In this notebook we are going to look at strategies to divide your dataset in order to perform model selection and testing using subsets of data in ways that do not create bias in your measurement of model performance.

We are going to use a dataset which comes from a study done to try to use sonar signals to differentiate between a mine (simulated using a metal cylinder) and a rock.  Details on the dataset can be found [here](https://archive.ics.uci.edu/ml/datasets/Connectionist+Bench+(Sonar,+Mines+vs.+Rocks))

In [None]:
# Import the libraries we know we need
import numpy as np
import pandas as pd
import matplotlib.pyplot as plt
import seaborn as sns
from sklearn.model_selection import train_test_split
from sklearn.neural_network import MLPClassifier
from sklearn.neighbors import KNeighborsClassifier

from sklearn.model_selection import KFold

import warnings
warnings.filterwarnings("ignore")

In [None]:
url = 'https://raw.githubusercontent.com/jbrownlee/Datasets/master/sonar.csv'
data = pd.read_csv(url, header=None)
print(data.shape)
data.head()

## Part 1: Training and test sets
In this part, you should complete the following:  
- Split your data into a feature matrix X and a target vector y  
- Split the data into a training set and a test set, using 85% of the data for training and 15% for testing (hint: use scikit-learn's train_test_split() method, already imported for you.  Name the resulting arrays `X_train, y_train, X_test, y_test`
- Train (fit) your model on the X and y training sets  
- Use your trained model to get predictions on the `X_test` test set, and name the predictions `preds`  
- Finally, run the next code cell to calculate the display the accuracy of your classifier model

In [None]:
def run_model(data,model):
    '''
    Splits the data, trains a model on the training data and then generates and returns predictions on the test set

    Inputs:
        data(DataFrame): dataframe containing the data features and labels
        model(sklearn.base.BaseEstimator): instantiated scikit-learn model object

    Returns:
        preds(np.ndarray): numpy array containing the model predictions for the test set
        y_test(np.ndarray): numpy array containing the labels for the test set
    '''
    ### BEGIN SOLUTION ###
    
    
    ### END SOLUTION ###

In [None]:
# Create an instance of the MLPClassifier algorithm and set the hyperparameter values
model = MLPClassifier(hidden_layer_sizes=(100,50,10),activation='tanh',
                      solver='sgd',learning_rate_init=0.001,max_iter=2000, random_state=0)
                      
# Evaluate the performance of our model using the test predictions
preds,y_test = run_model(data,model)
assert len(preds) == len(y_test)
acc_test = np.sum(preds==y_test)/len(y_test)
print('Accuracy of our classifier on the test set is {:.3f}'.format(acc_test))

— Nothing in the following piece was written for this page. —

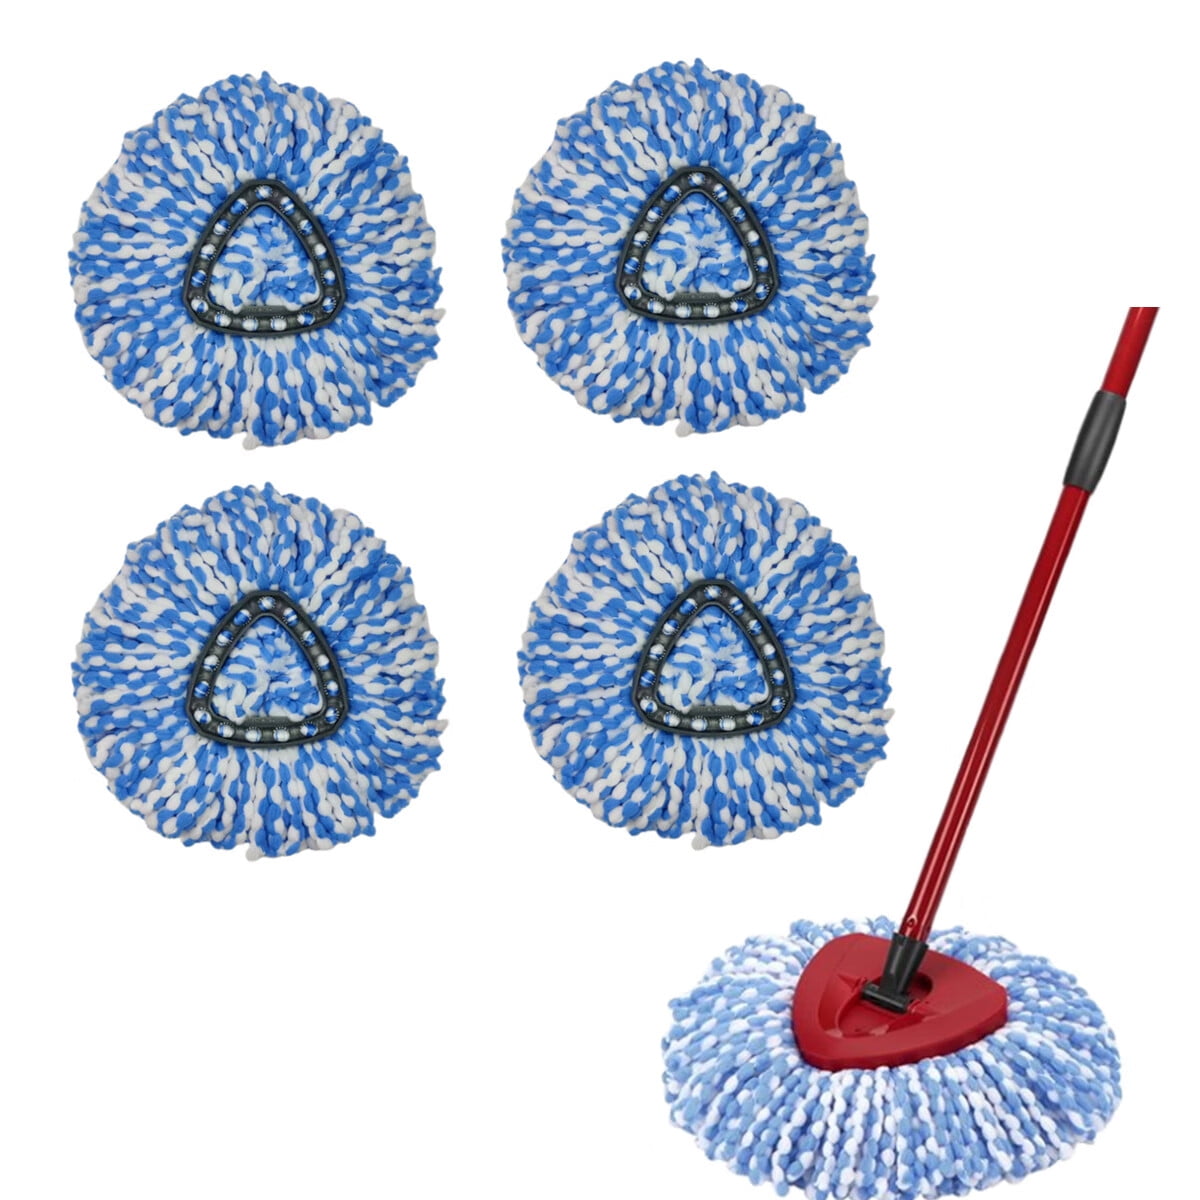 Spin Mop Refills for 2-Tank System Triangle Mop-Head Easy Rinse Cleaning Microfiber Mop Head Replacement

## Part 2: Model selection using validation sets
But what if we want to compare different models (for example, evaluate different algorithms or fine-tune our hyperparameters)?  Can we use the same strategy of training each model on the training data and then comparing their performance on the test set to select the best model?

When we are seeking to optimize models by tuning hyperparameters or comparing different algorithms, it is a best practice to do so by comparing the performance of your model options using a "validation" set, and then reserve use of the test set to evaluate the performance of the final model you have selected.  To utilize this approach we must split our data three ways to create a training set, validation set, and test set.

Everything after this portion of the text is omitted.